NEWS | April 23, 2008

Soldiers create 'Daughters of Iraq' program

By Capt. Mike Starz , Armed Forces Press Service

WASHINGTON (April 22, 2008) — Soldiers of the 101st Airborne Division are working with Iraqi army troops to help create a Daughters of Iraq program to complement the work done by the Sons of Iraq.

The Iraqi women in the program would be able to search other females at security checkpoints, expanding the capabilities of the Sons of Iraq currently manning the checkpoints.

The Sons of Iraq are an organization of volunteers who have united to stand against terrorists in their homeland. They have been credited with helping bring peace to much of Iraq.

Steve Martinez, a law enforcement professional attached to the division’s Company C, 3rd Battalion, 187th Infantry Regiment, said it became necessary to integrate women into security roles because terrorists began using females to carry out suicide attacks against Iraqis and coalition forces.

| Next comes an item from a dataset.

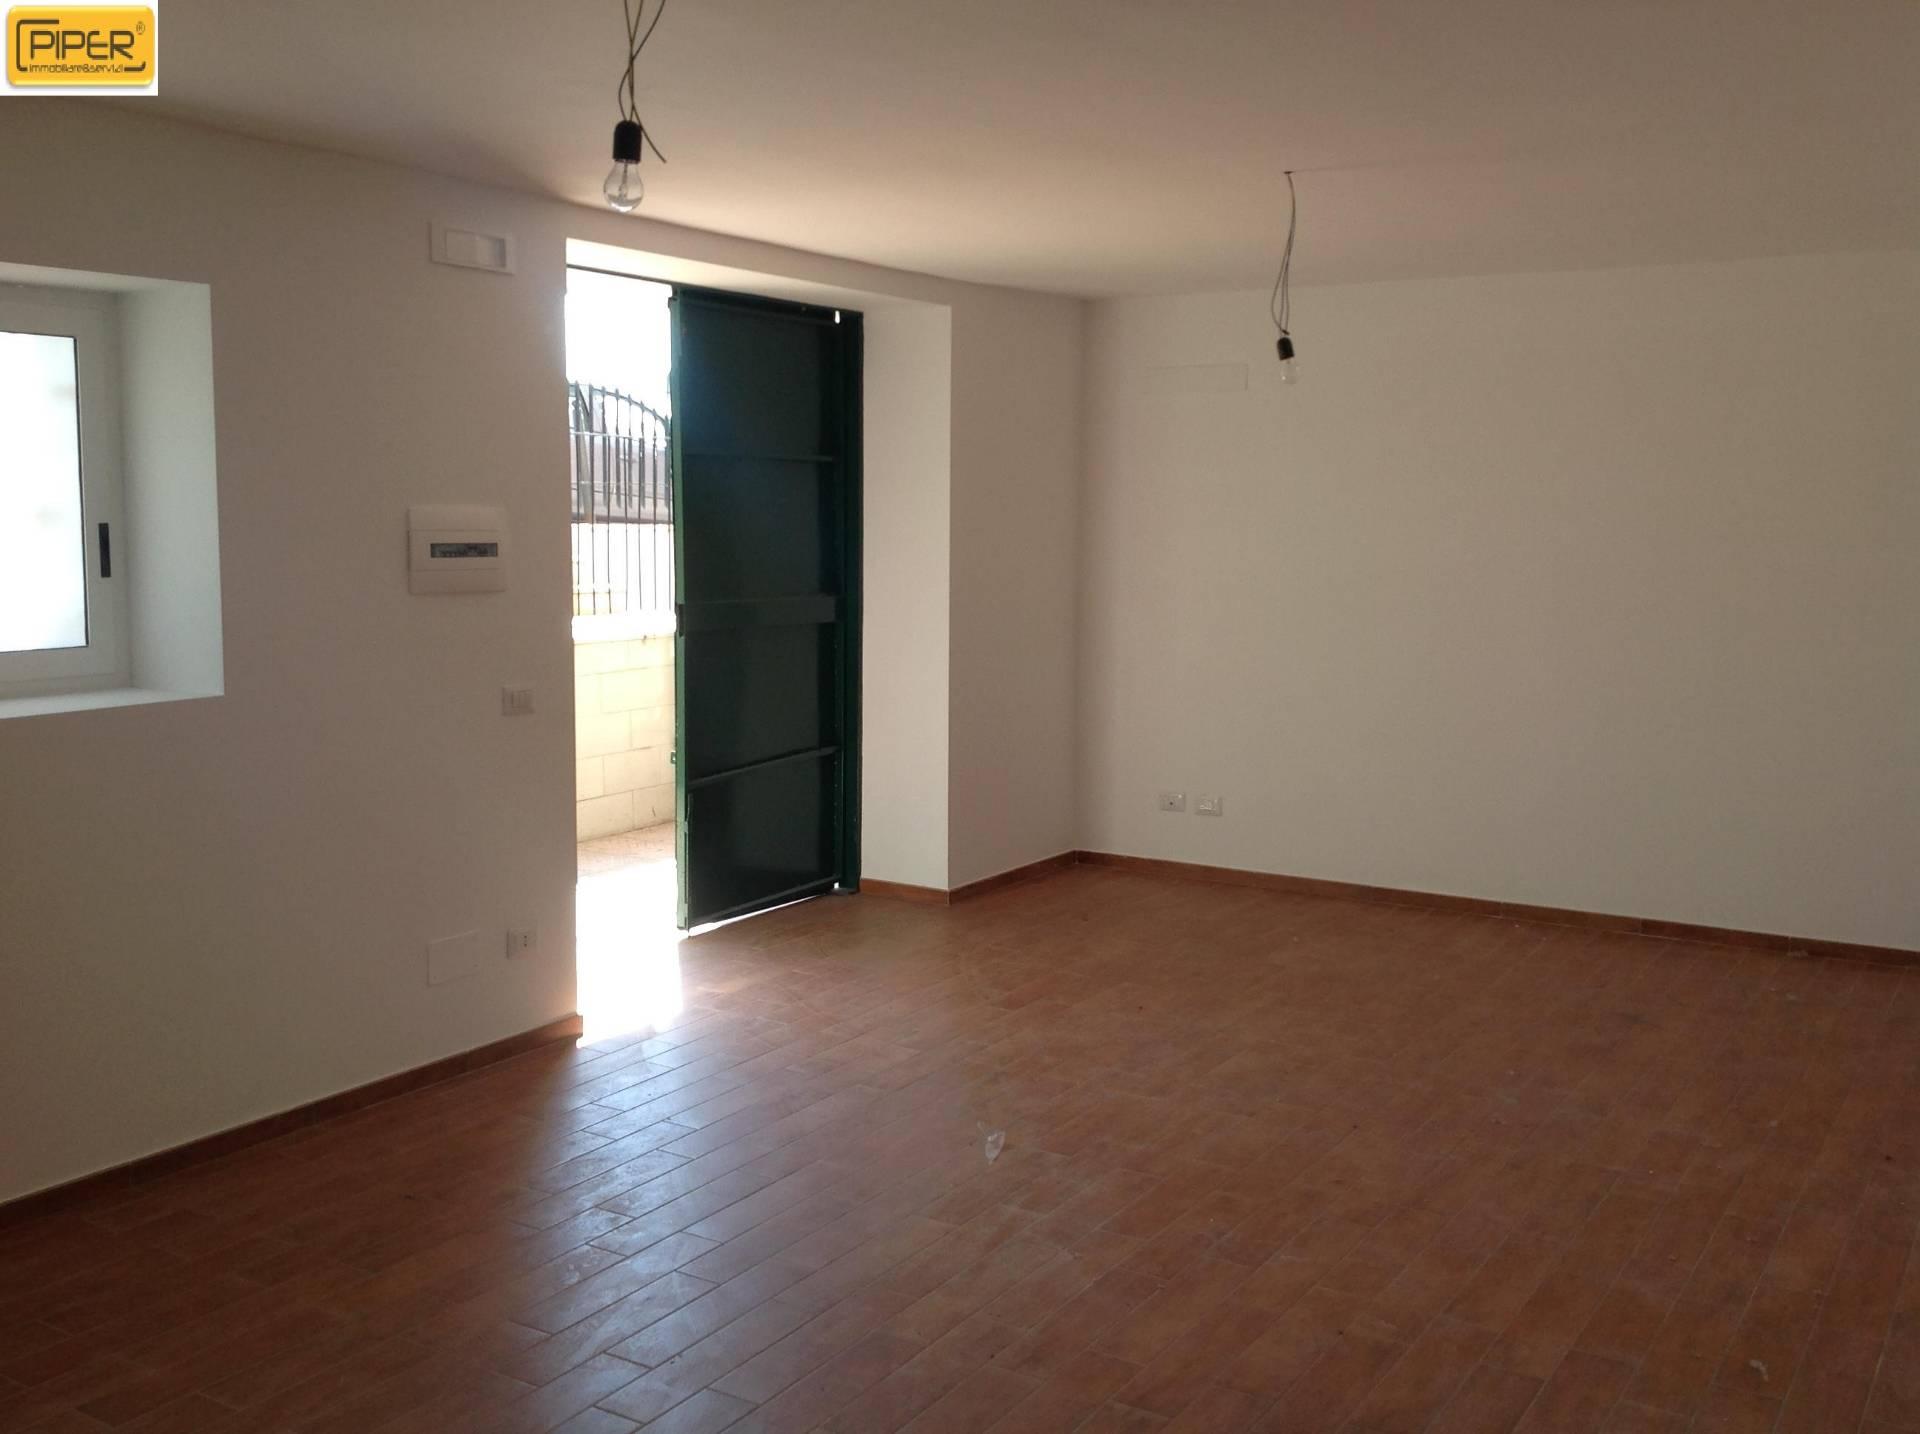 Negozio / Locale in affitto a Pozzuoli, 9999 locali, zona Località: PozzuoliSolfatara, prezzo € 450 | CambioCasa.it

Employing women at checkpoints, Martinez said, would "provide a complete and thorough search of suspect females with the utmost respect for the individual and local customs without compromising the safety of others."

The Daughters of Iraq will search other women in and around Yusifiyah to help prevent trafficking of weapons, explosives and dangerous materials. In addition to the significant security gains that these women will bring to the checkpoints, there are other advantages.

"The Daughters of Iraq will facilitate female empowerment and the creation of the group represents a significant step towards a properly functioning democratic society," said Sgt. Jason G. George, Company C intelligence non-commissioned officer. "While the group may face criticism from traditionalists, ultimately, their success will demonstrate their value to the populace."

Another benefit of the creation of the program is the opportunity for some of the more disadvantaged women to receive benefits, most of whom have been specifically targeted to join the program.

"We have been working to assist the impoverished women and, particularly, the widows in the area. There are limited employment opportunities for women widowed by insurgent violence and burdened with supporting their children," said 1st Lt. Chris Hafner, Company C intelligence officer. "This program is ideal for these women."

The details for Daughters of Iraq contracts are being finalized and will start with 30 women.

"Integrating patriotic Iraqi women into the Daughters of Iraq is a huge step in the right direction of freedom for the Iraqi people," said Staff Sgt. Thai A. Starkovich, military transition team non-commissioned officer in charge. "With the cooperation of the Iraqi Army and the Sons and Daughters of Iraq, the safety of Iraqis is a goal that is now visible on the horizon."